**Supplied material:**
=====
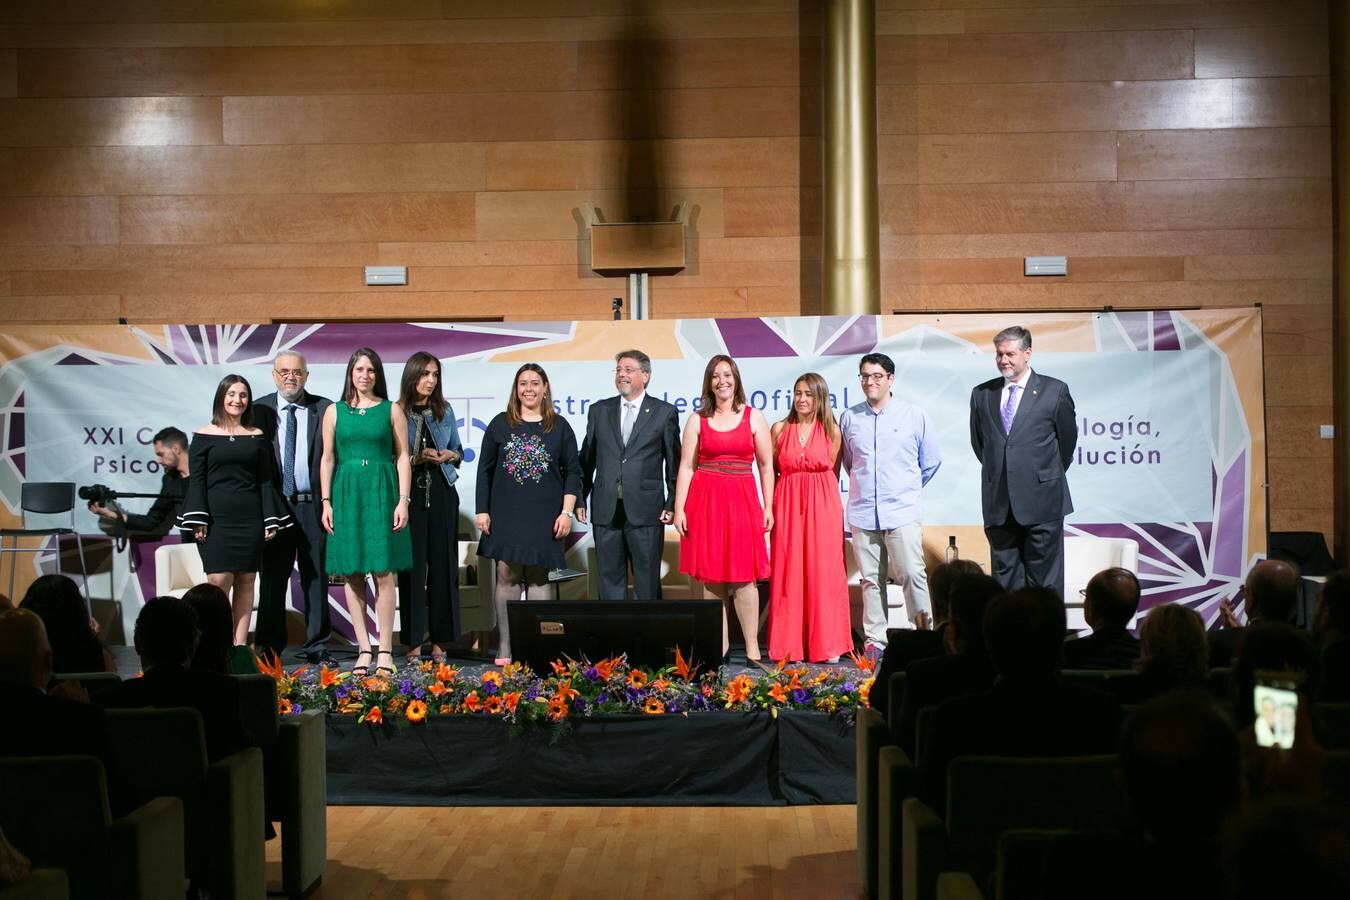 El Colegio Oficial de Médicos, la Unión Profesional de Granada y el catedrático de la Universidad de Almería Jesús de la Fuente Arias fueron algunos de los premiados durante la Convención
=====
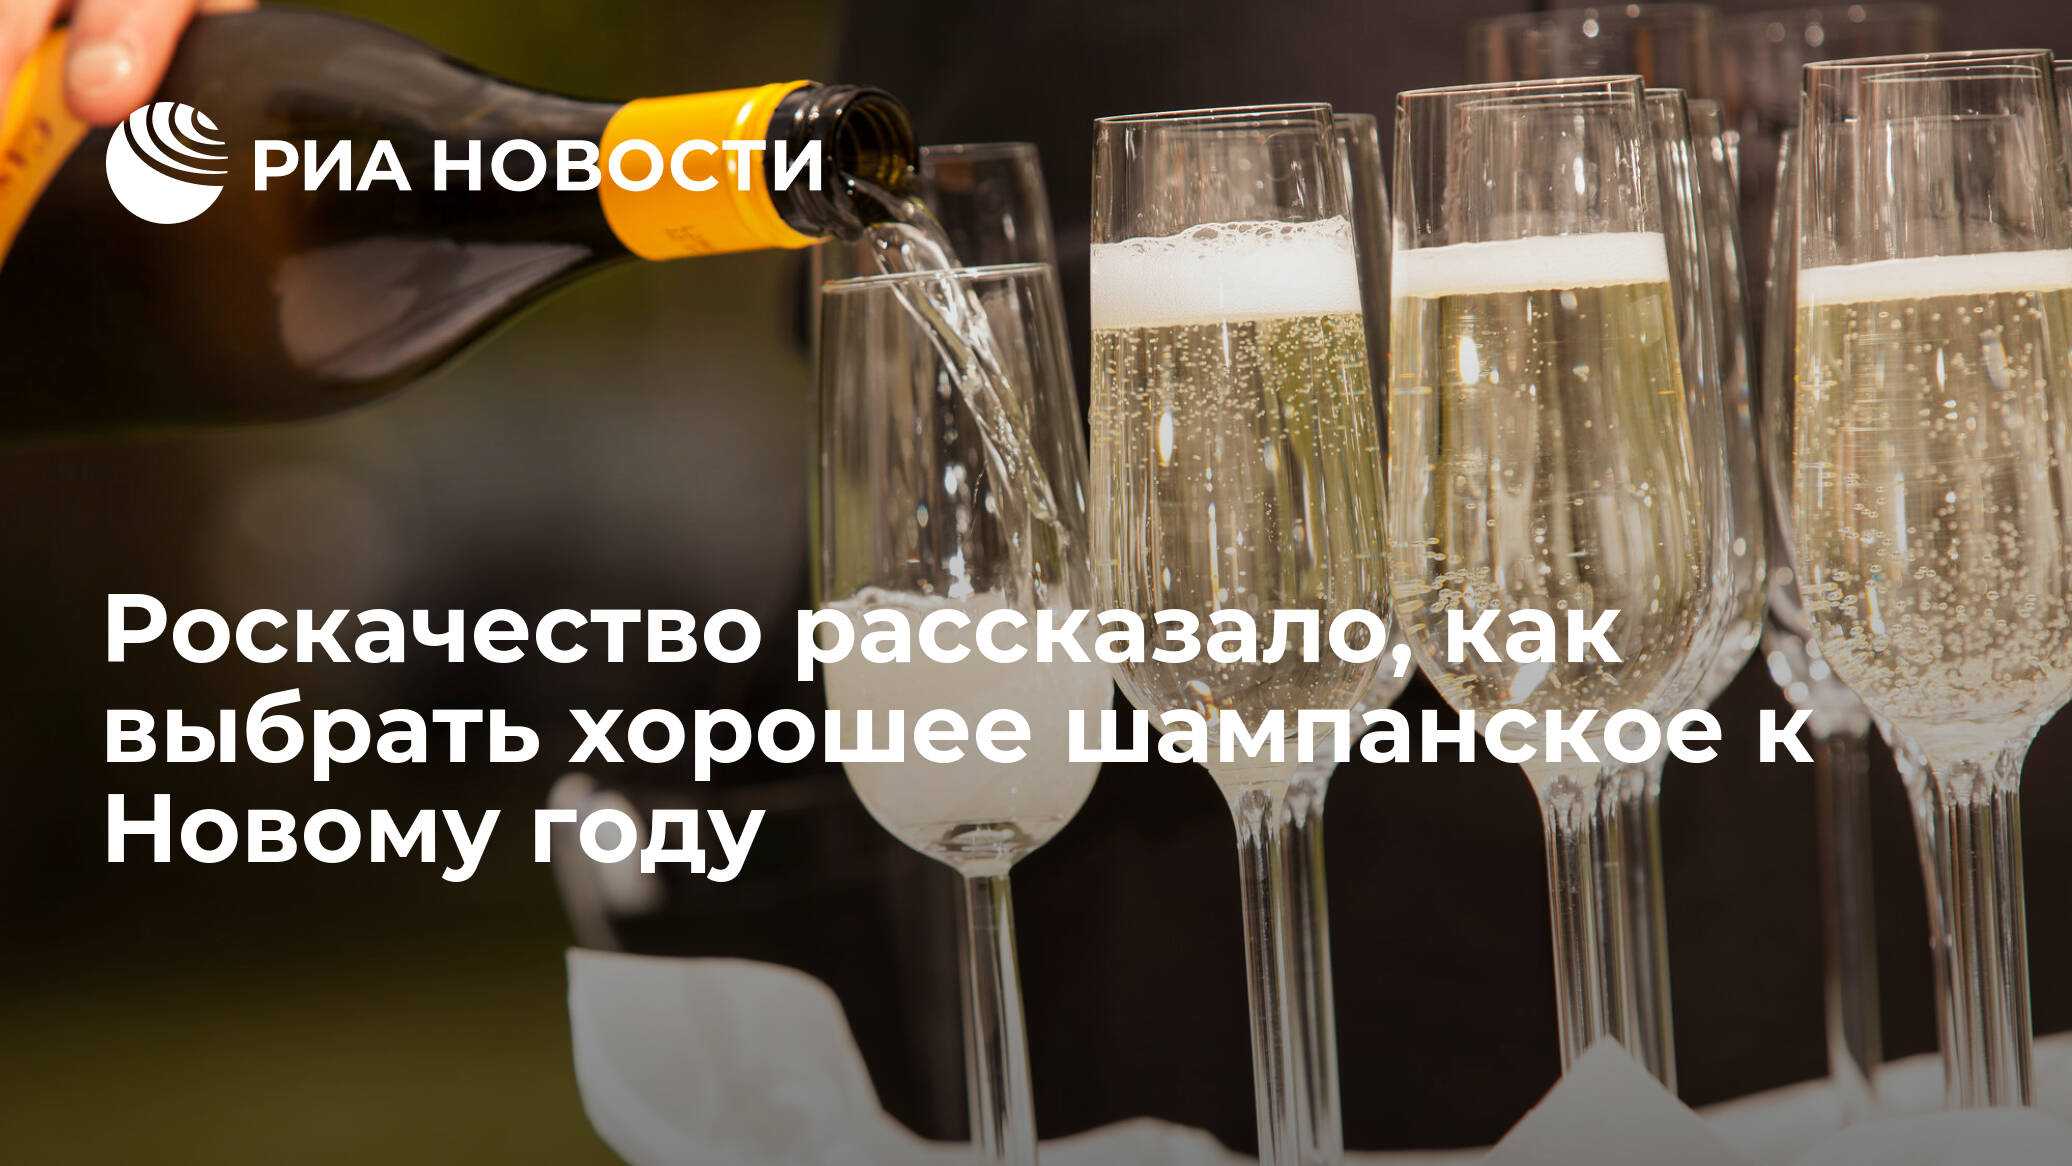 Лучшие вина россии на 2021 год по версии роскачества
=====
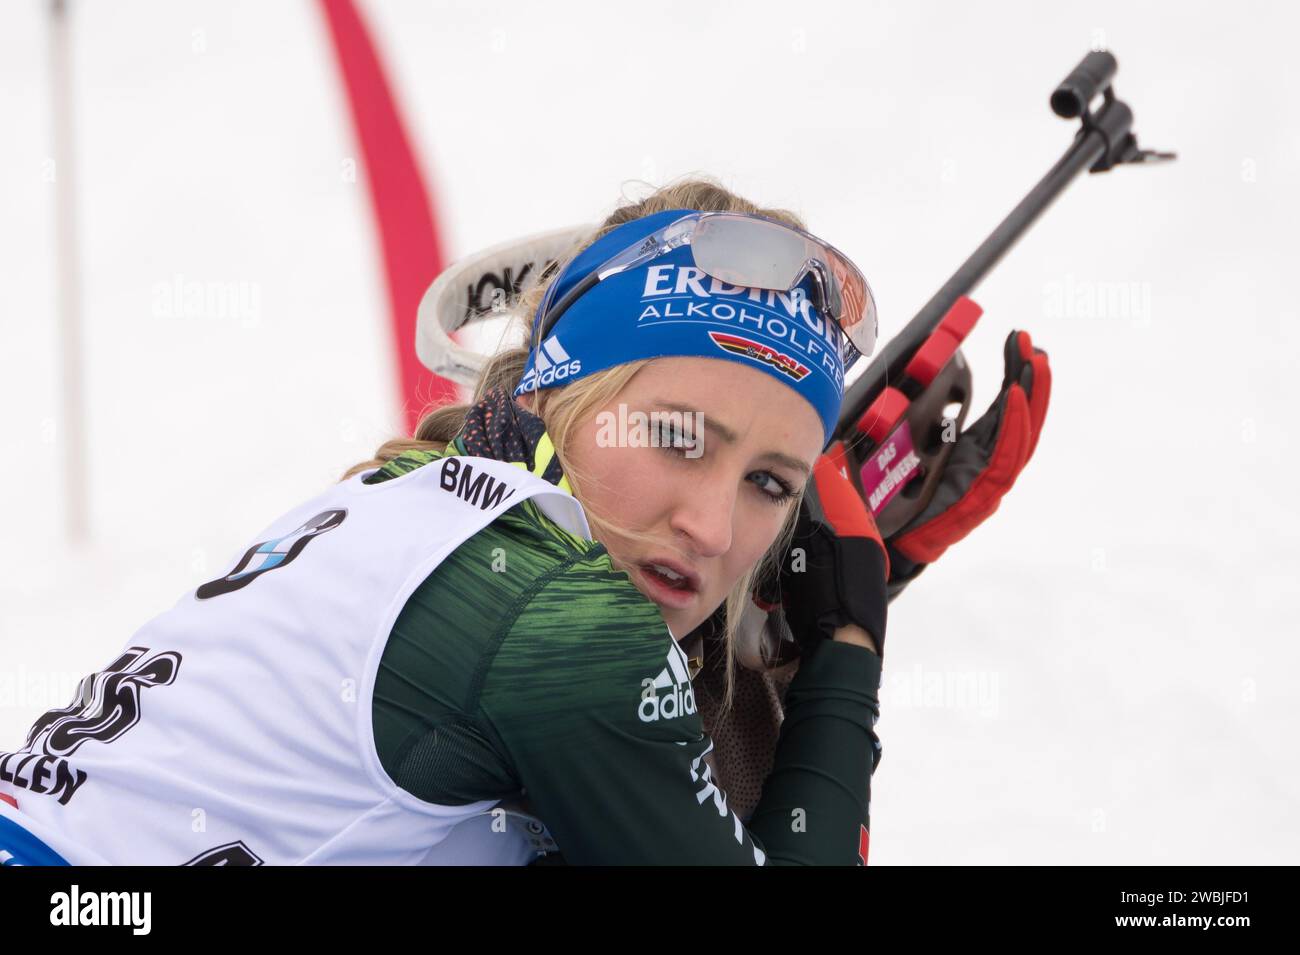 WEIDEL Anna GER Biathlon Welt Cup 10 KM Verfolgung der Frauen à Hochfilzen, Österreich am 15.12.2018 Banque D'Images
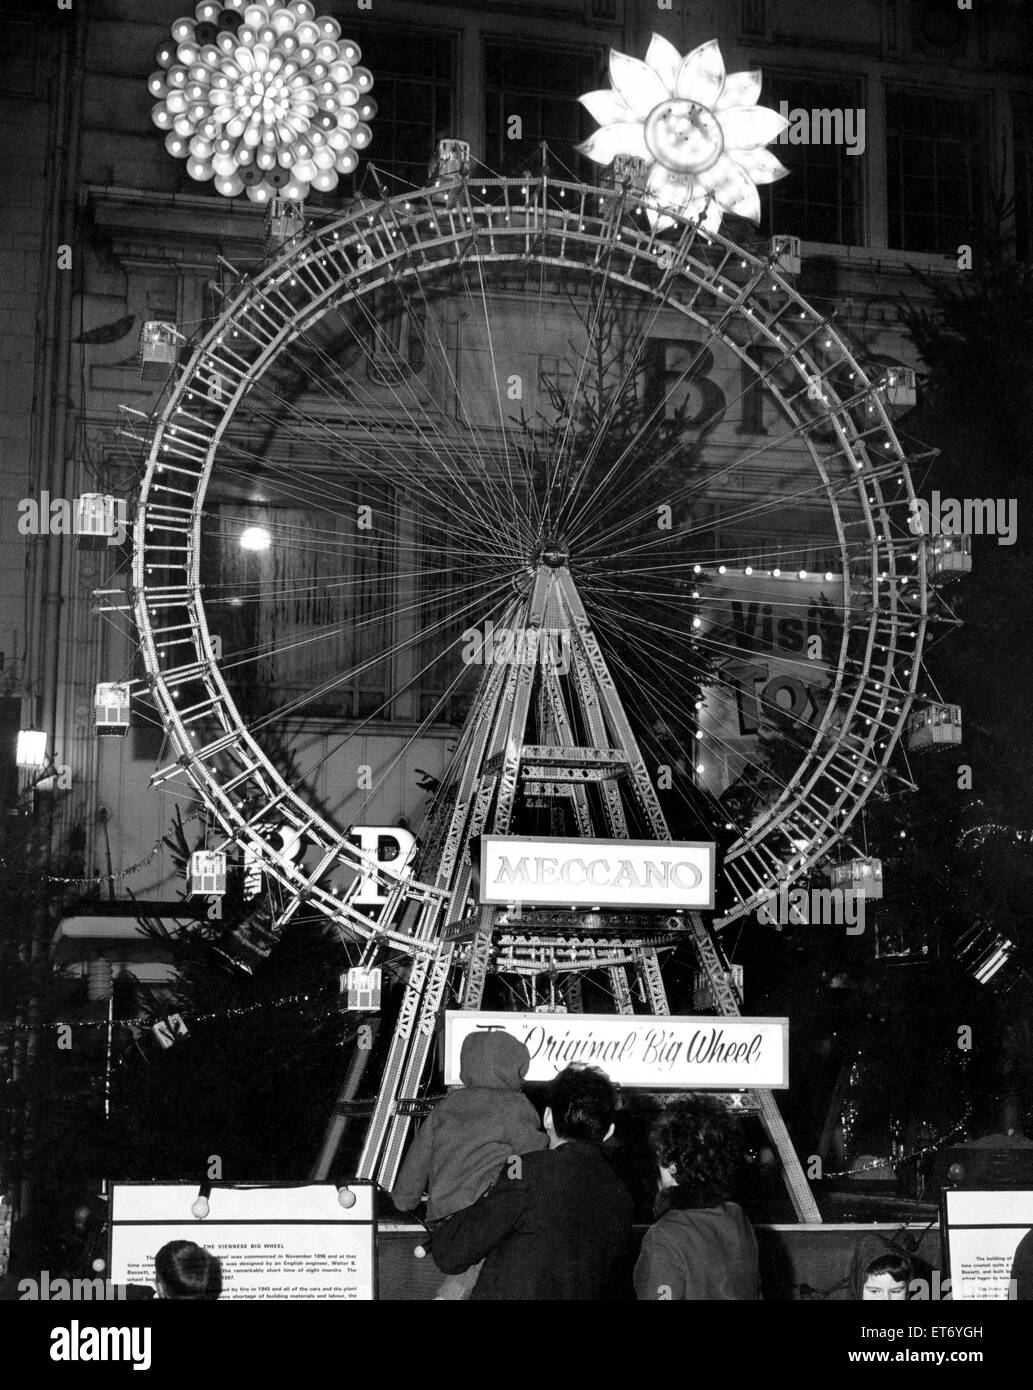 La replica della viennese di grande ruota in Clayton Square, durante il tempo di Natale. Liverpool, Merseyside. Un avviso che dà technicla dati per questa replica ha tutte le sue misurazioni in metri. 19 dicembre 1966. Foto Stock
=====
**What this task involves:** Which part of the entries opens with the line containing "WEIDEL Anna GER" and closes with the line containing "La replica della"? Output that part exactly, ends included, pictures excluded.

**Written response:**
 WEIDEL Anna GER Biathlon Welt Cup 10 KM Verfolgung der Frauen à Hochfilzen, Österreich am 15.12.2018 Banque D'Images
 La replica della viennese di grande ruota in Clayton Square, durante il tempo di Natale. Liverpool, Merseyside. Un avviso che dà technicla dati per questa replica ha tutte le sue misurazioni in metri. 19 dicembre 1966. Foto Stock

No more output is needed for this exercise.